Assuming the Commonwealth’s conduct was negligent, there is no showing before me that any material evidence has been lost to the prejudice of the defendant. Although Dr. Weinberg’s affidavit states that his memory of the April incidents is not as good in November 1997 as it was several months ago, his statement in the affidavit of his memory of the events is very detailed. There is no indication of any way in which his memory would have provided more beneficial information to the defendant at an earlier time. It is clear from the affidavit that he is still capable of providing essentially the same helpful testimony to the defense now as he could have provided earlier.

Moreover, the Commonwealth did not agree to provide the names and addresses of witnesses until August 7, 1997 and did not provide same until August 22, 1997. (Indeed, the request for said information was not made until the very end of July.) And Dr, Weinberg’s affidavit only states that his memory is not as clear now as it was in April 1997, not that it is not as clear as it was in August 1997. In any event, the defendant is now (prior to trial) in possession of the necessary material.
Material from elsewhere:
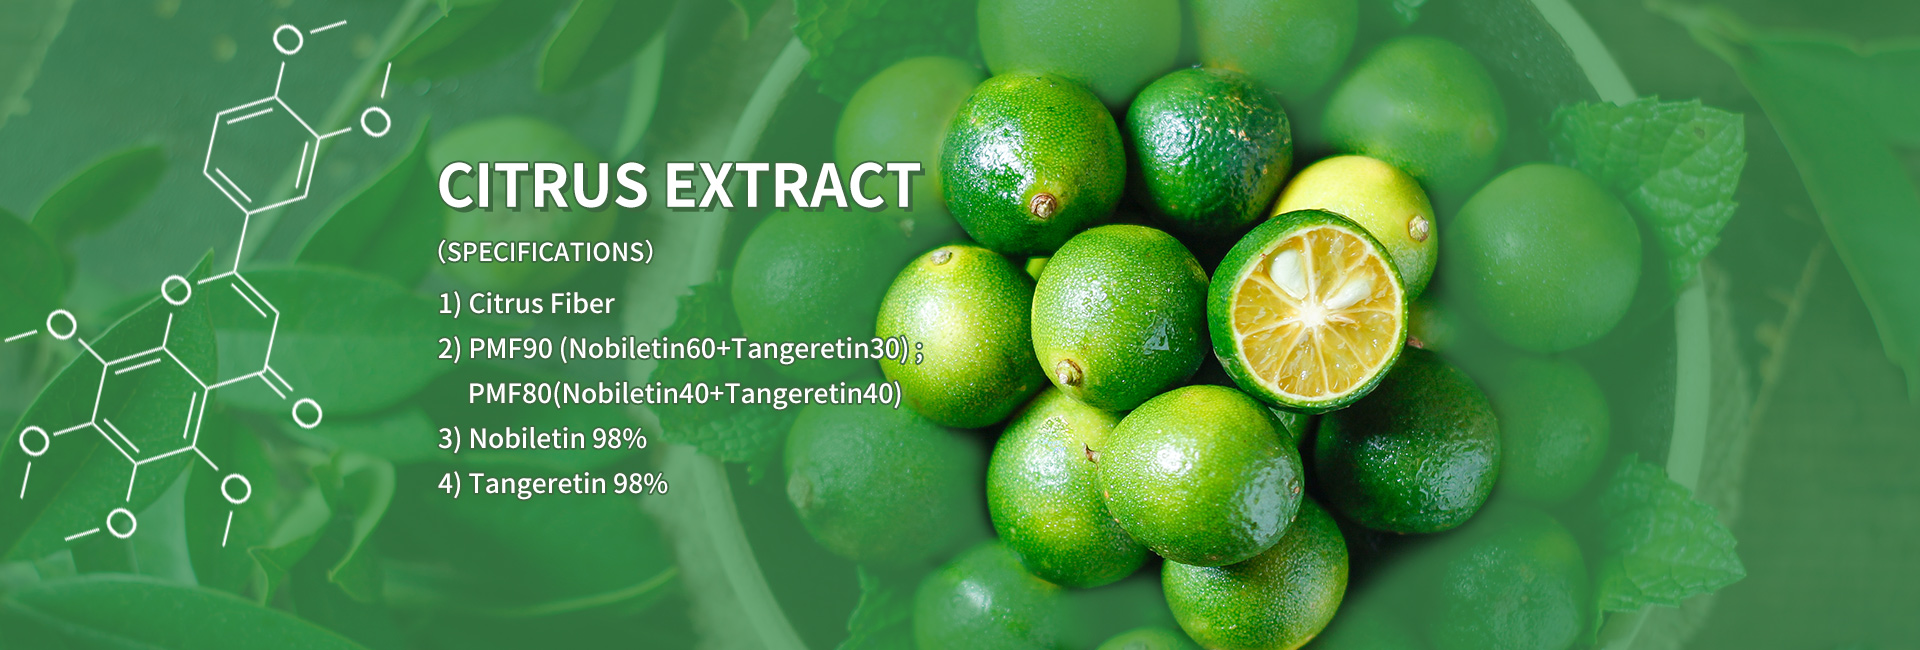 Citrus extract Tangeretin Nobiletin Sinennsetin Metoxyquercetin

Thus, there is no showing that any material evidence, potentially helpful to the defendant has been lost. Accordingly, under the test of Commonwealth v. Willie supra, there has been no showing that the defendant has been prejudiced by the loss of evidence in this regard. See Commonwealth v. Gabbidon, 17 Mass. App. Ct. 525, 535-36
(1984).[7] If a defendant learns of previously undisclosed evidence in time to permit full opportunity to utilize such evidence, “the prosecution’s misdeeds, however inexcusable, do not warrant remedial action.” Commonwealth v. Lam Hue To, 391 Mass. 301, 309, quoting Commonwealth v. Ellison, 376 Mass. 1, 25
(1978).

ORDER
For the foregoing reasons, the defendant’s motion to dismiss is DENIED except that the defendant may inquire about and comment upon the Commonwealth’s failure to preserve the leather jacket. The Commonwealth may not assert that the jacket could have been retrieved and the Commonwealth may not claim that the defendant was lax in requesting its production.

COWIN, J.

[1] Another witness also testified for the defendant, but, before that witness concluded testifying, the defendant, without opposition, withdrew that witness’ testimony.
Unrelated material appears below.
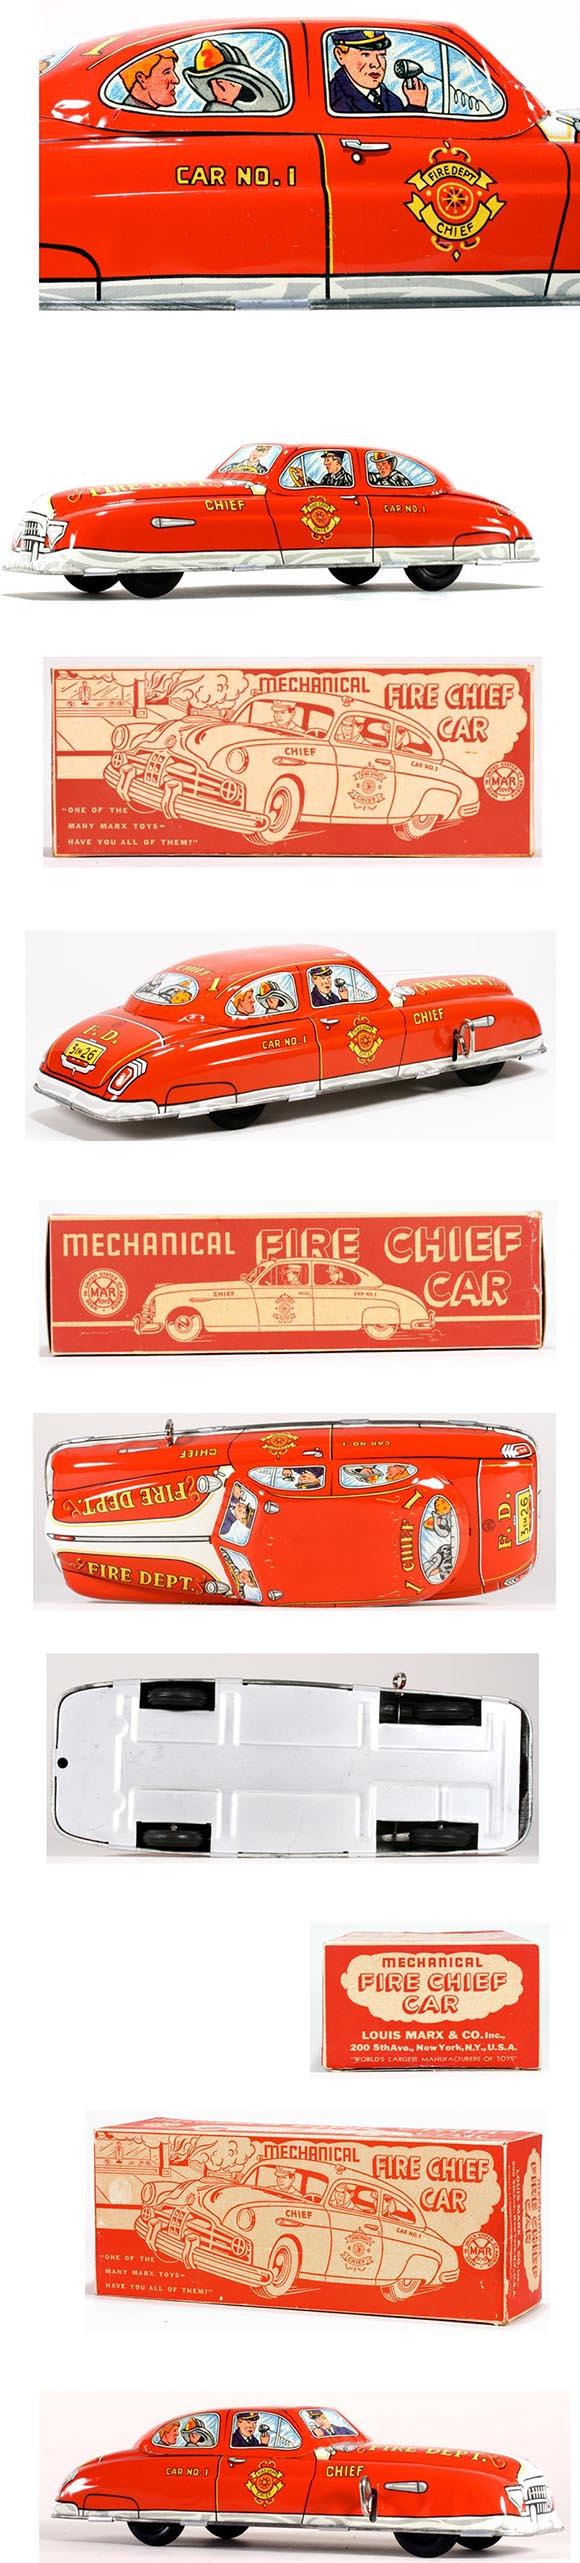 1950 Marx, Mechanical Fire Chief Car in Original Box

[2] Sometime following the presentation of evidence to the grand jury (June 1997), the Commonwealth lost contact with Mr. Gaynor and has stated that it does not anticipate producing him for trial. The Commonwealth plans to try Yeager based upon the testimony of eyewitnesses.
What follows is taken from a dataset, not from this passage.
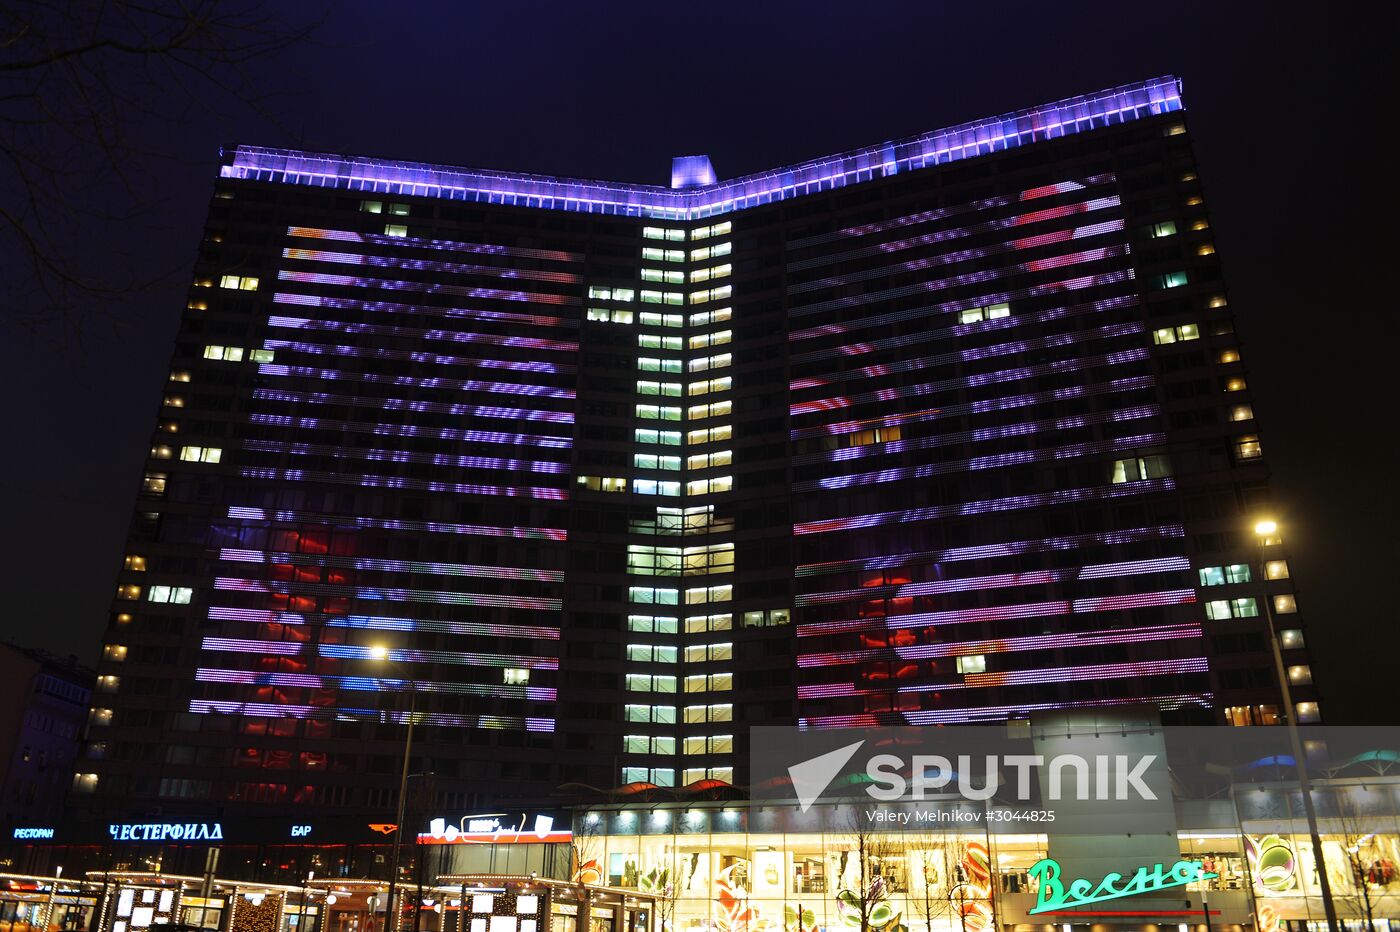 March 8th illumination on book-shaped high-rises on Novy Arbat Street

[3] Whittemore cannot be ordered to produce the jacket, despite the fact it is physical evidence, as such evidence may tend to incriminate him. See Commonwealth v. Hughes, 380 Mass. 583
(1980).
[4] There is also eyewitness testimony that tends to corroborate this version of the events.
[5] Although the defendant requested that the Commonwealth provide telephone numbers of witnesses, the Commonwealth did not agree, and was not ordered, to do so.
[6] The Commonwealth argues that the defendant did have the name, address and telephone number of Dr. Taylor and it was Dr. Taylor who provided the Commonwealth with the telephone number of Dr. Weinberg. The Commonwealth maintains, therefore, that the defendant could have obtained the phone number of Dr. Weinberg from Dr. Taylor. However, there is nothing before me that indicates that the defendant should have been aware that it could obtain Dr. Weinberg’s whereabouts from Dr. Taylor. Further, it was the Commonwealth’s duty to provide this information to the defendant.
[7] If the Commonwealth were aware of the substance of Dr. Weinberg’s testimony as it is outlined in Dr. Weinberg’s affidavit, the Commonwealth had a duty to provide that testimony to the defendant as it was clearly material, exculpatory evidence. See Brady v. Maryland. 373 U.S. 83 (1963). However, this Court is uncertain of the details that were provided to the Commonwealth by Dr. Weinberg in the April 25, 1997 telephone conversation between Dr. Weinberg and the assistant district attorney. Regardless, the outcome of this motion is not affected, as the defendant is now aware of that testimony.